Department of Earth Science and Engineering, Imperial College
Funded by the AAPG Foundation Allan P. Bennison Endowment
Unlike many other geologists, as a child I did not have a long-held love of the outdoors or find a particularly spectacular fossil whilst on a family holiday. I did, however, toy with idea of becoming a computer programmer or doing professional sport of some kind; however, I had no talent in either, so I went fossil hunting instead …
I completed a BSc in Geology at Manchester University in 1998, and then stayed on at the same institution to undertake a PhD with Professor Rob Gawthorpe (now at the University of Bergen). My PhD, which I completed in 2002, focused on the tectono-stratigraphic development of the Suez Rift, and it involved traditional field mapping and logging techniques.

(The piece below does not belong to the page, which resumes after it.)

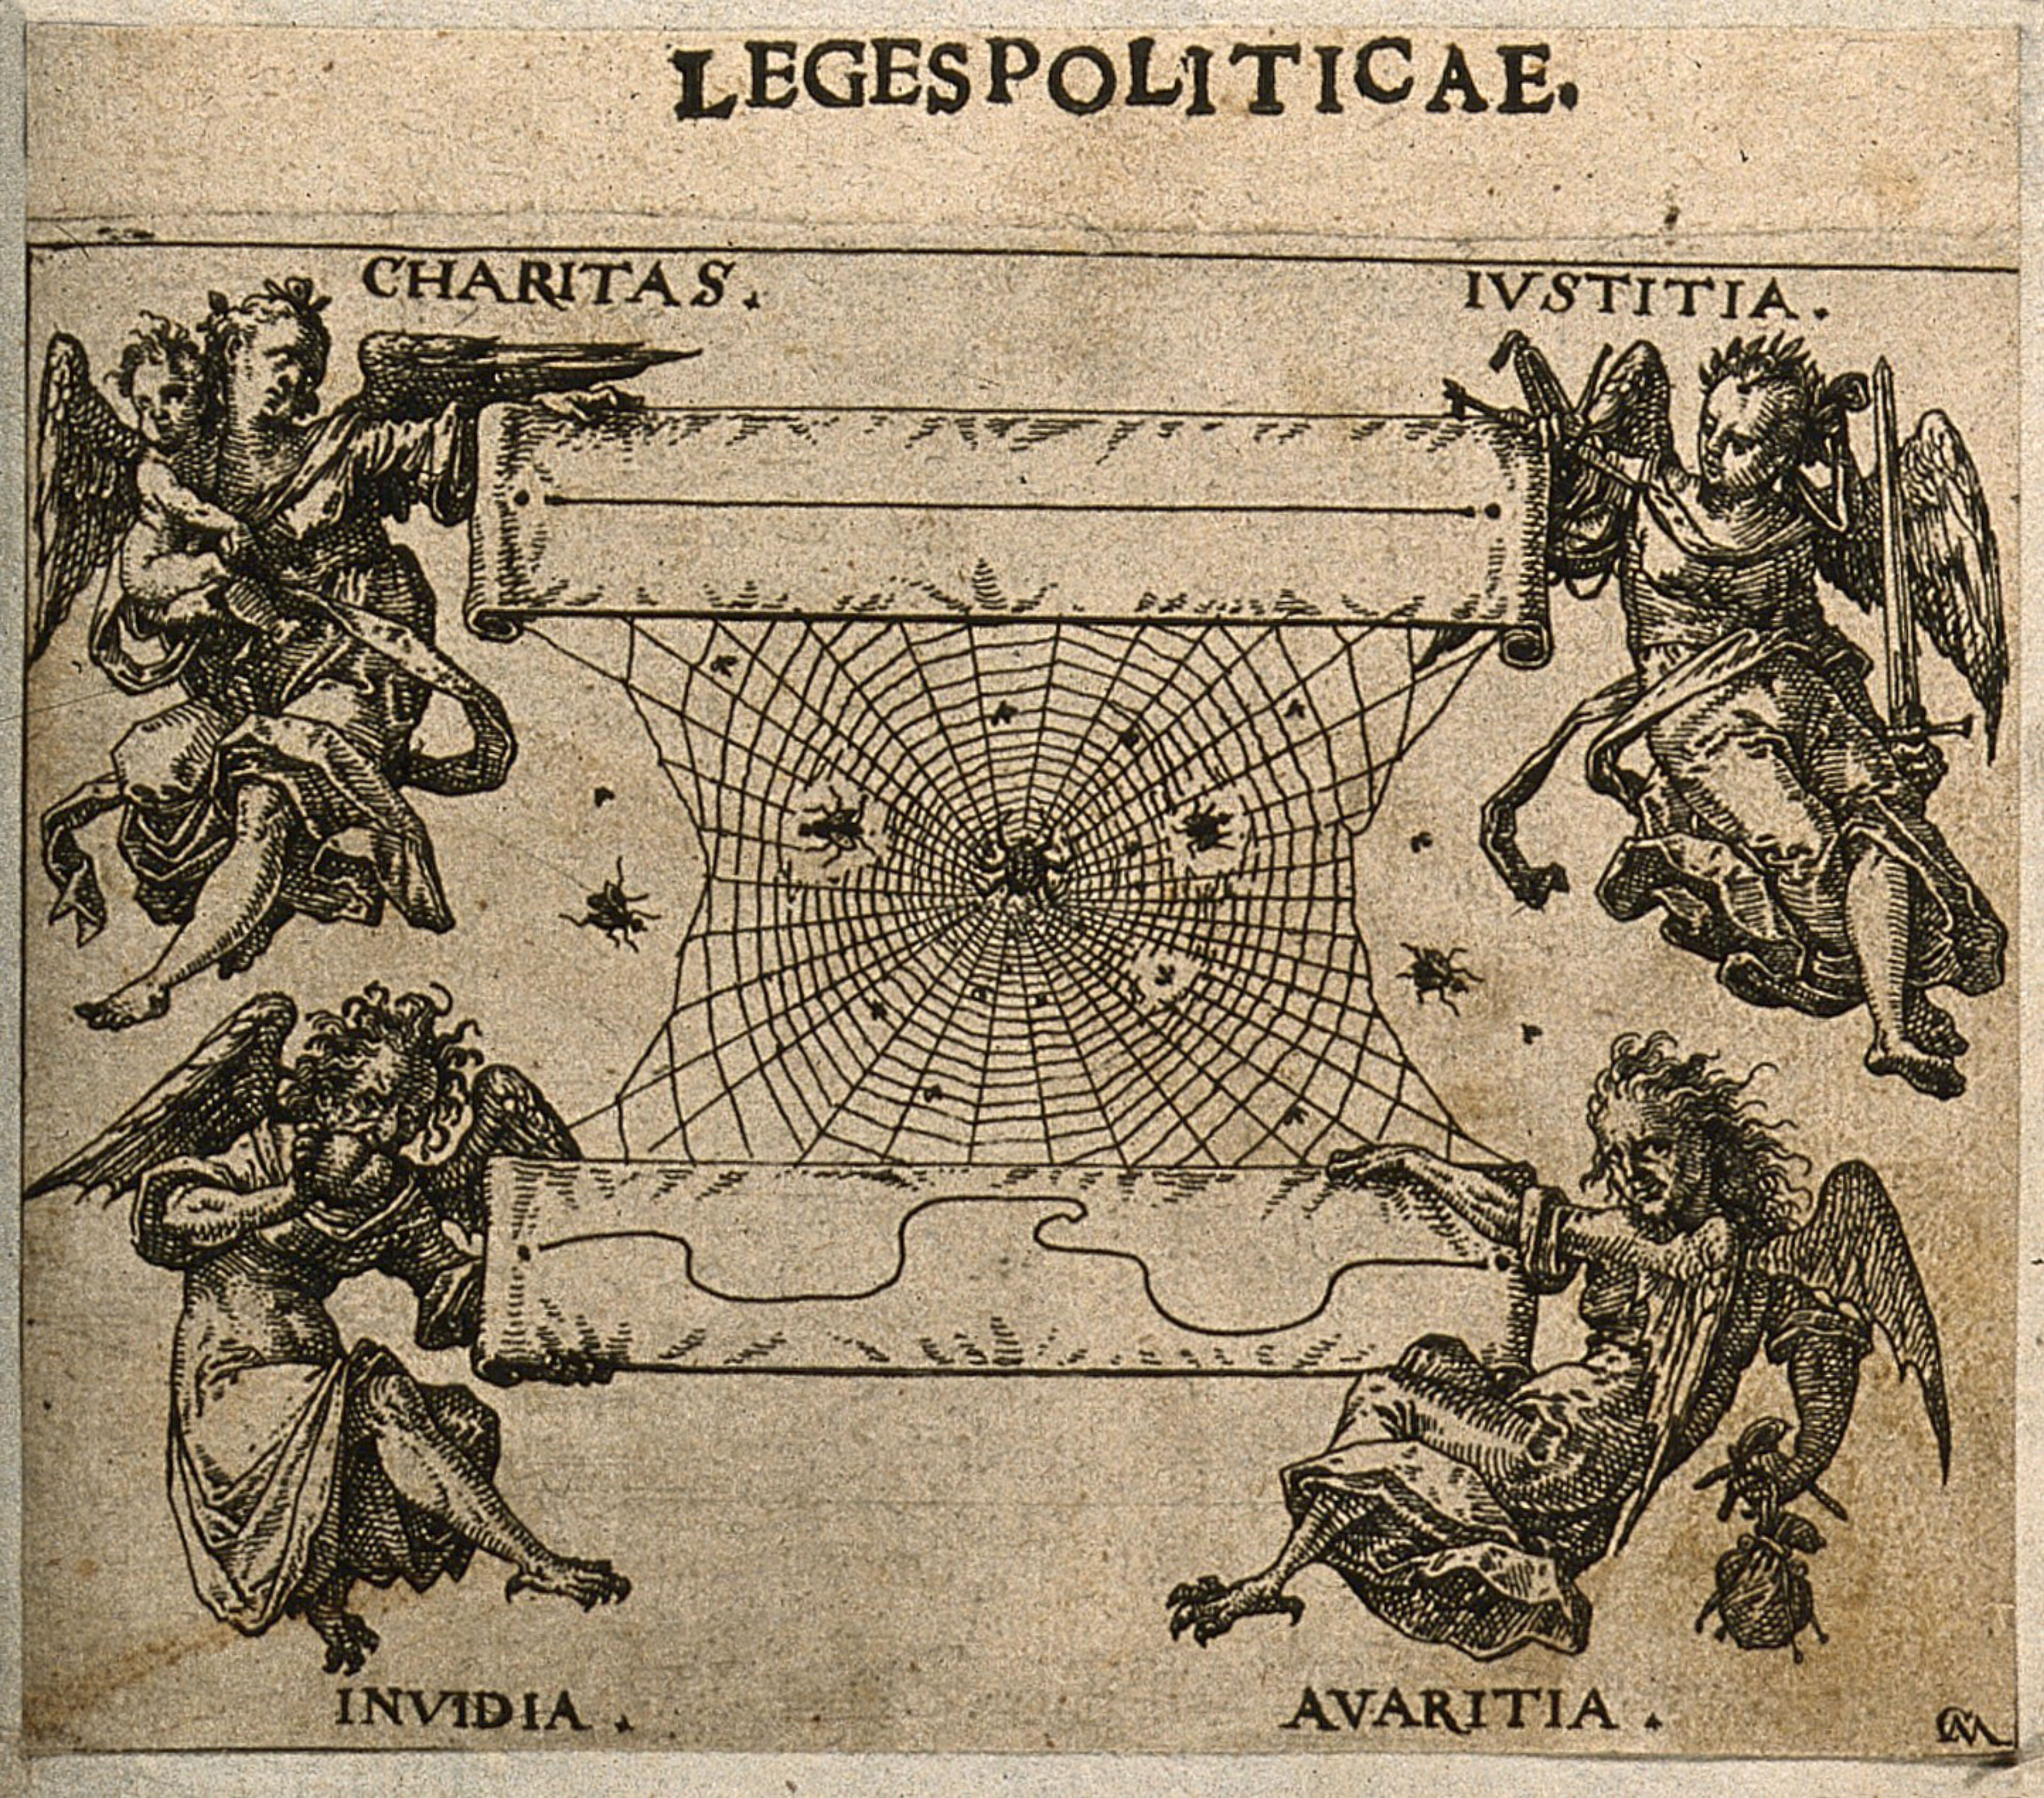 Allegorical figures hold up two scrolls, separated by a spider's web: one shows a straight line between "Charitas" and "Iustitia"; the other a crooked line between "Invidia" and "Avaritia". Etching by C. Murer after himself, c. 1600-1614.

My first real exposure to the power of subsurface data analysis in general, and 3D seismic reflection in particular, came whilst I was working in the Research Centre at Norsk Hydro (now Statoil) in Bergen, Norway, between 2002 and 2004. By integrating these data with, for example, wireline log, core and pressure data, I began to realise that a subsurface approach, if coupled with detailed outcrop-based analysis, was able to provide me with a true, three-dimensional understanding of complex geological structures and stratigraphic bodies.
Upon leaving Norsk Hydro in 2004, to pursue an academic career at Imperial College, I continued and continue to enjoy combining field and subsurface data. My key research interest lies in the tectono-stratigraphic evolution of rift basins, although my exposure to 3D seismic has allowed me to investigate topics as diverse as soft-sediment remobilisation, the development of intrusive and extrusive igneous complexes, and the development of mass transport complexes (MTCs).
Having worked in industry, I am aware of the value of academic research in hydrocarbon exploration and production, thus a significant amount of my research is funded by the hydrocarbon industry and is applied to industrial E&P issues. I hope that my two talks will illustrate some of the novel aspects of my research from a scientific perspective, but also the applicability of integrated approaches to understanding complex hydrocarbon E&P-related issues.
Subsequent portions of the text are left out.